Сверх того, посмотрите, — сказал он, показывая мне одну поднятую ногу лошади, где я
увидел выгнутый кусок ржавого железа, прибитого гвоздями к копыту, — вот, — продолжал
мой ученый, — одна из драгоценнейших редкостей нашего Кабинета; посмотрите: это
железо прибито гвоздями, следы этих гвоздей видны и на остальных копытах. Здесь явно
дело рук человеческих.
— Для какого же употребления могло быть это железо?
— Вероятно, чтоб ослабить силу этого страшного животного, — заметил смотритель.

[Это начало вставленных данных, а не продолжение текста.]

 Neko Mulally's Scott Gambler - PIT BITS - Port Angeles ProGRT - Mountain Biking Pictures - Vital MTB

— А может быть, их во время войны пускали против неприятеля; и этим железом могли
наносить ему больше вреда?
— Ваше замечание очень остроумно, — отвечал учтивый ученый, — но где для него
доказательства?
Я замолчал.
— Недавно открыли здесь очень древнюю картину, — сказал Хартин, — на которой
изображен снаряд, который употребляли, вероятно, для усмирения лошади; на этой картине
ноги лошади привязаны к стойкам, и человек молотом набивает ей копыто; возле находится
другая лошадь, запряженная в какую-то странную повозку на колесах.
— Это очень любопытно. Но, как объяснить умельчение породы этих животных?

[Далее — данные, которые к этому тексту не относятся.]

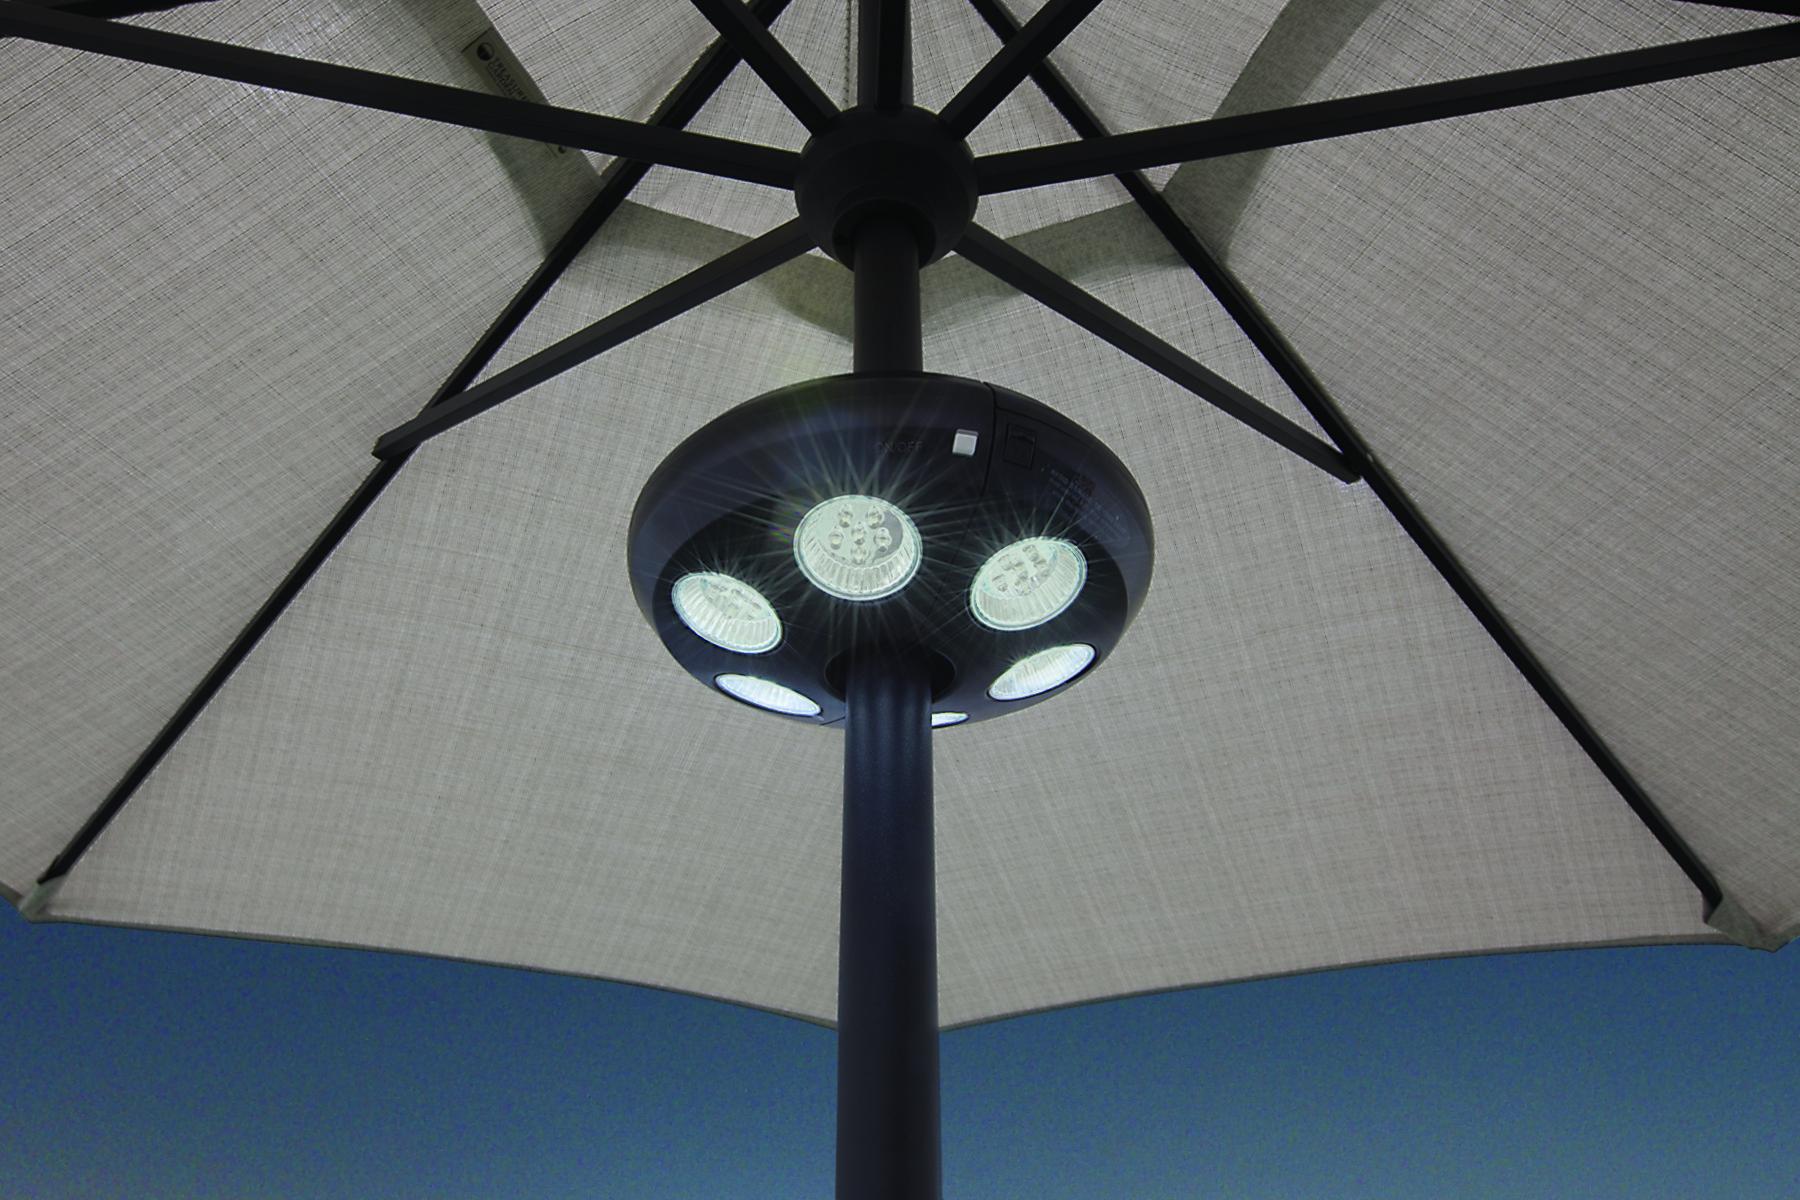 Large Vega Umbrella Light W 36 Led Lights Hauser S Patio

— Это объясняют различным образом; самое вероятное мнение то, что во втором
тысячелетии после P. X. всеобщее распространение аеростатов сделало лошадей более
ненужными; оставленные на произвол судьбы, лошади ушли в леса, одичали; никто не пекся
о сохранении прежней породы, и большая часть их погибла; когда же лошади сделались
предметом любопытства, тогда человек докончил дело природы; тому несколько веков
существовала мода на маленьких животных, на маленькие растения; лошади подверглись той
же участи: при пособии человека они мельчали постепенно и наконец дошли до нынешнего
состояния забавных, но бесполезных домашних животных.
— Или должно думать, — сказал я, смотря на скелет, — что на лошадях в древности
ездили одни герои, или должно сознаться, что люди были гораздо смелее нынешнего. Как
осмелиться сесть на такое чудовище!
— Действительно, люди в древности охотнее нашего подвергались опасностям.

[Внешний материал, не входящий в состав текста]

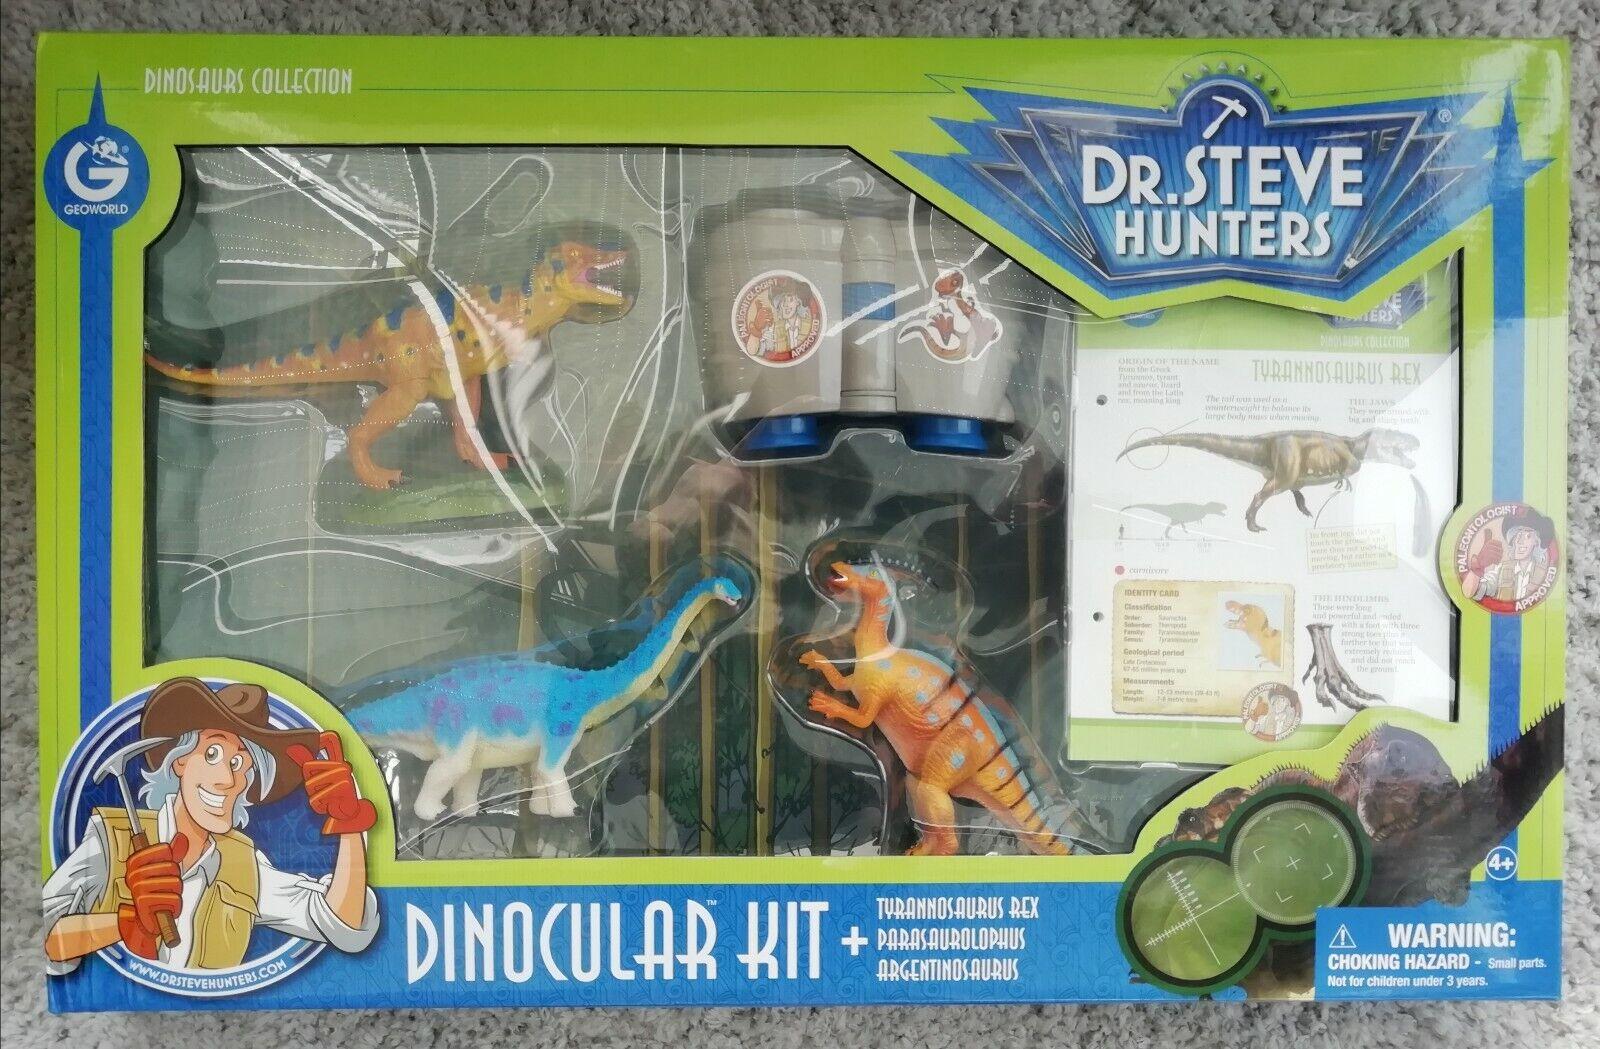 GeoWelt dinosaurs Sammlung Dr Steve Hunters. Dinocular Kit.

Например, теперь неоспоримо доказано, что пары, которые мы нынче употребляем только
для взрыва земли, эта страшная и опасная сила в продолжение нескольких сот лет служила
людям для возки экипажей…
— Это непостижимо!
— О! я в этом уверен, что если бы сохранились древние книги, то мы много б узнали
такого, что почитаем теперь непостижимым.
— Вы в этом отношении еще счастливее нас: ваш климат сохранил хотя некоторые
отрывки древних писаний, и вы успели их перенести на стекло; но у нас — что не истлело
само собою, то источено насекомыми, так что для Китая письменных памятников уже не
существует.
— И у нас немного сохранилось, — заметил Хартин. — В огромных связках
антикварии находят лишь отдельные слова или буквы, и они-то служат основанием всей
нашей древней истории.
— Должно ожидать многого от трудов ваших почтенных антиквариев. Я слышал, что
новый словарь, ими приготовляемый, будет содержать в себе две тысячи древних слов более
против прежнего.
— Так! — заметил смотритель, — но к чему это послужит? На каждое слово напишут
по две тысячи диссертаций, и все-таки не откроют их значения. Вот, например, хоть слово
немцы; сколько труда оно стоило нашим ученым, и все не могут добраться до настоящего
его смысла.
Физик задел мою чувствительную струну; студенту истории больно показалось такое
сомнение; я решился блеснуть своими знаниями.
— Немцы были народ, обитавший на юге от древней России, — сказал я, — это,
кажется, доказано; немцев покорили Аллеманны, потом на месте Аллеманнов являются
Тедески, Тедесков покорили Германцы, или, правильнее, Жерманийцы, а Жерманийцов
Дейчеры — народ знаменитый, от которого даже язык сохранился в нескольких отрывках,
оставшихся от их поэта, Гете…6
— Да! Так думали до сих пор, — отвечал Хартин, — но теперь здесь между
антиквариями почти общее мнение, что Дейчеры были нечто совсем другое, а Немцы
составляли род особой касты, к которой принадлежали люди разных племен.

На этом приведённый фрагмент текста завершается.